Residents objected as the board passed a local services tax, affecting all who work in Lower Frederick, and an amendment to the zoning code that limits the size of trucks in residential neighborhoods.

At its Oct. 2 meeting, the Lower Frederick Township Board of Supervisors passed a new local services tax for all Lower Frederick employees and an amended the zoning code to restrict the size of commercial trucks parked at residences.

Both pieces of legislation passed 2-1. Chairman Ernest Schmitt and Ron Kerwood voted in favor of the new tax and the amendment; Vice Chairman Bob Yoder voted against both.

LOCAL SERVICES TAX

All individuals who work in the township of Lower Frederick will be responsible for paying $1 per week, or $52 per year, to the township - regardless of where the employee resides - according Tom Keenan, the township's solicitor.

Keenan cited the example of a Perkiomen Valley Middle School West teacher who works in Lower Frederick Township but lives in Schwenksville Borough, who would be responsible to pay the tax.

The tax, previously known as the Emergency and Municipal Services tax throughout Pennsylvania, is used to support the budget of the municipality in which an individual works.
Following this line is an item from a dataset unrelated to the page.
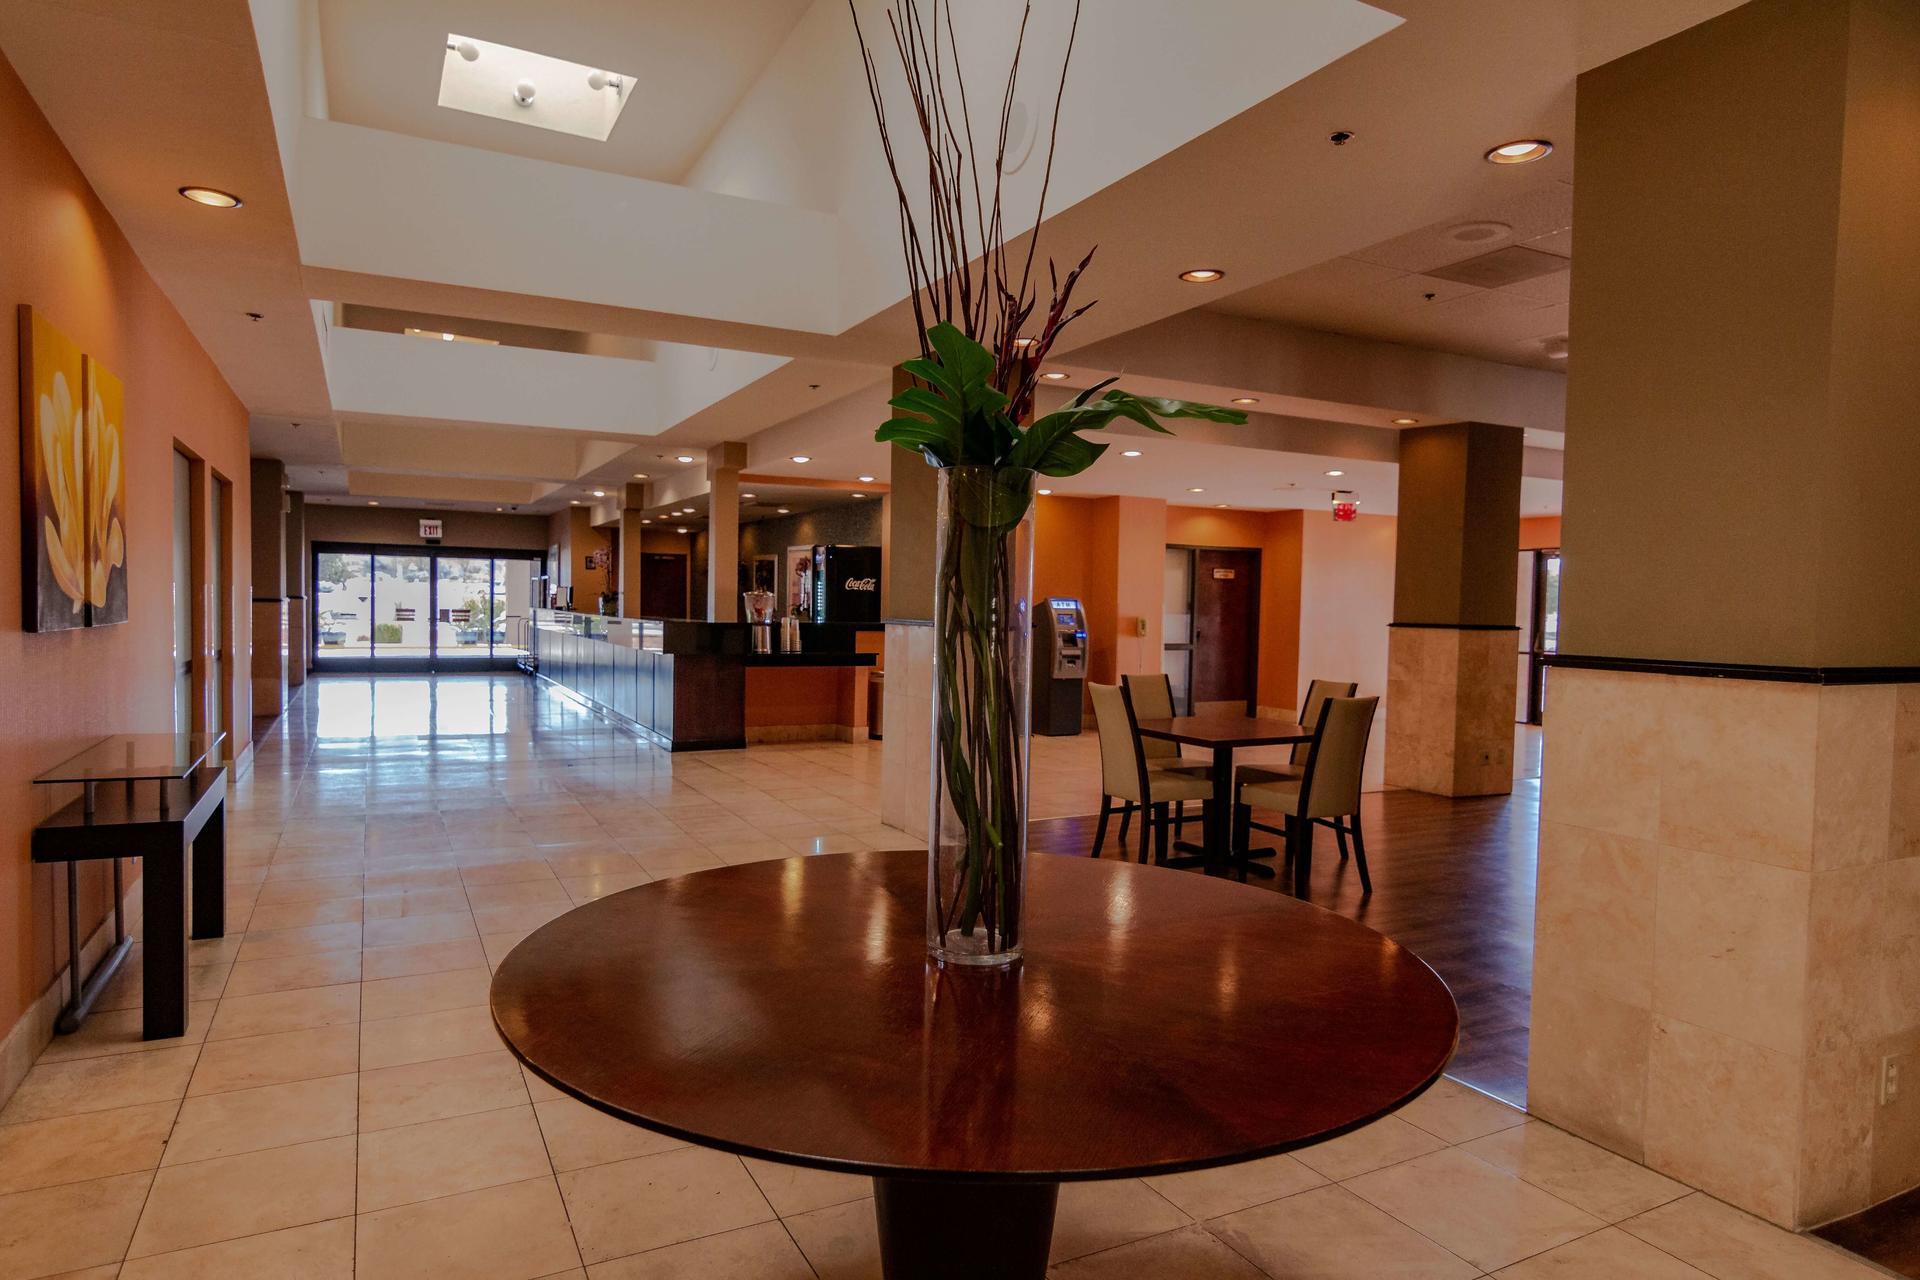 Lobby hall and reception area.
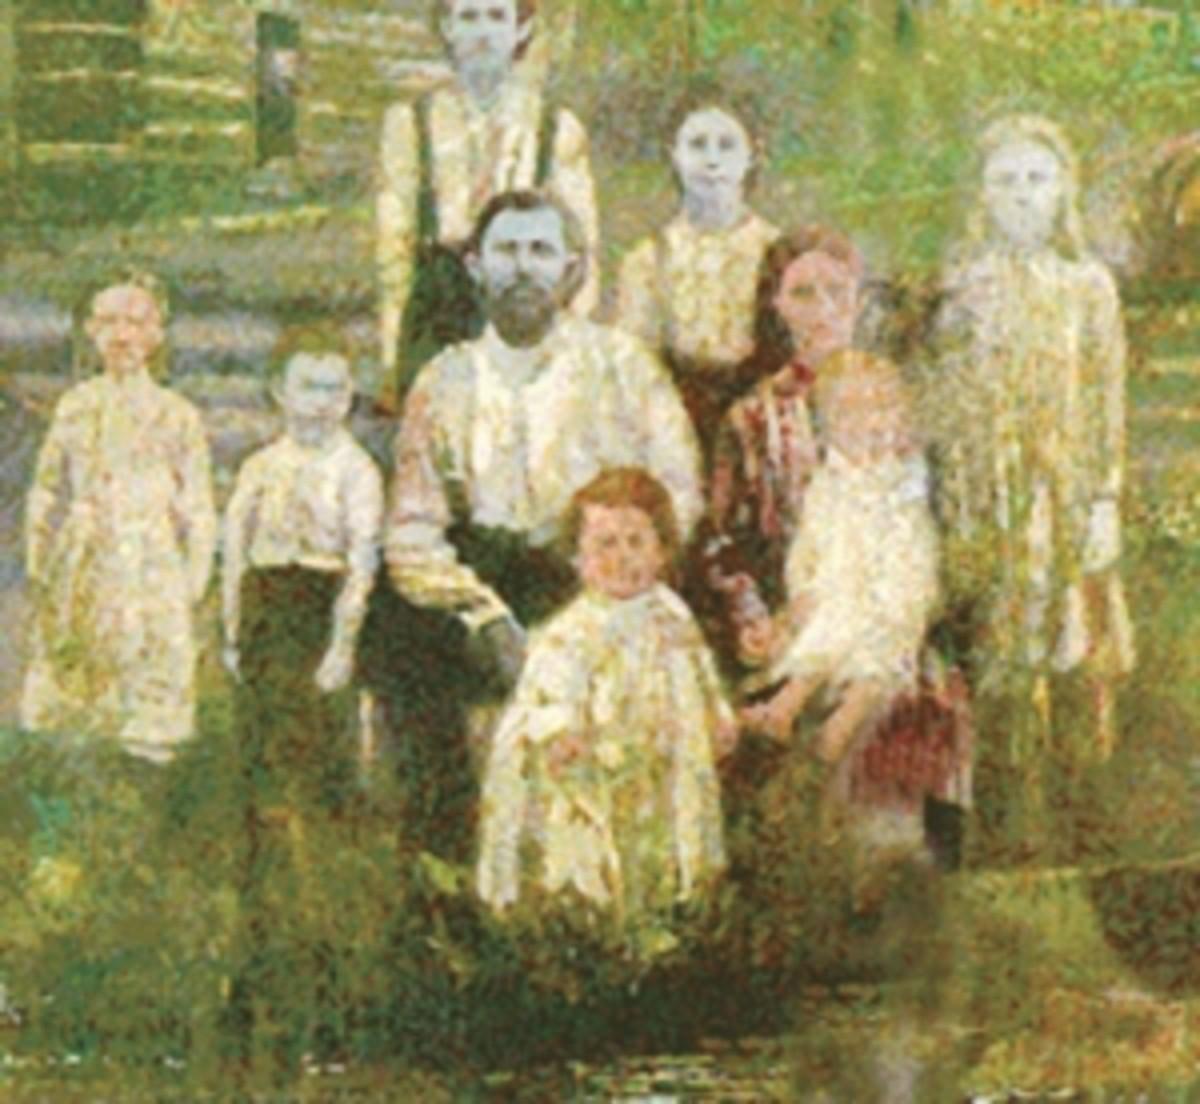 The Fugate family of Hazard, Kentucky

Employees can be taxed up to $52 per year, according to Pennsylvania code.

There were objections to the tax, particularly given the economy.

"The township is not a white collar mecca of professional office workers," said a resident in attendance. "Kids who work at Ortinos or the CVS will have to pay a dollar out of their pay a week? It is unnecessarily burdensome."

TRUCK AMENDMENT

The more hotly-debated issue was the amendment to the "Parking of Trucks in Residential Districts" portion of the zoning code that will prohibit all trucks weighting 26,000 lbs or more from being parked in residential properties.

According to previous meeting minutes, the supervisors brought this amendment to the planning commission to solve a zoning issue that was brought to light after one or two resident complained, according to Kerwood.

Prior to the amendment, all residential properties were permitted to park two commercial vehicles with up to four axles at a residence overnight.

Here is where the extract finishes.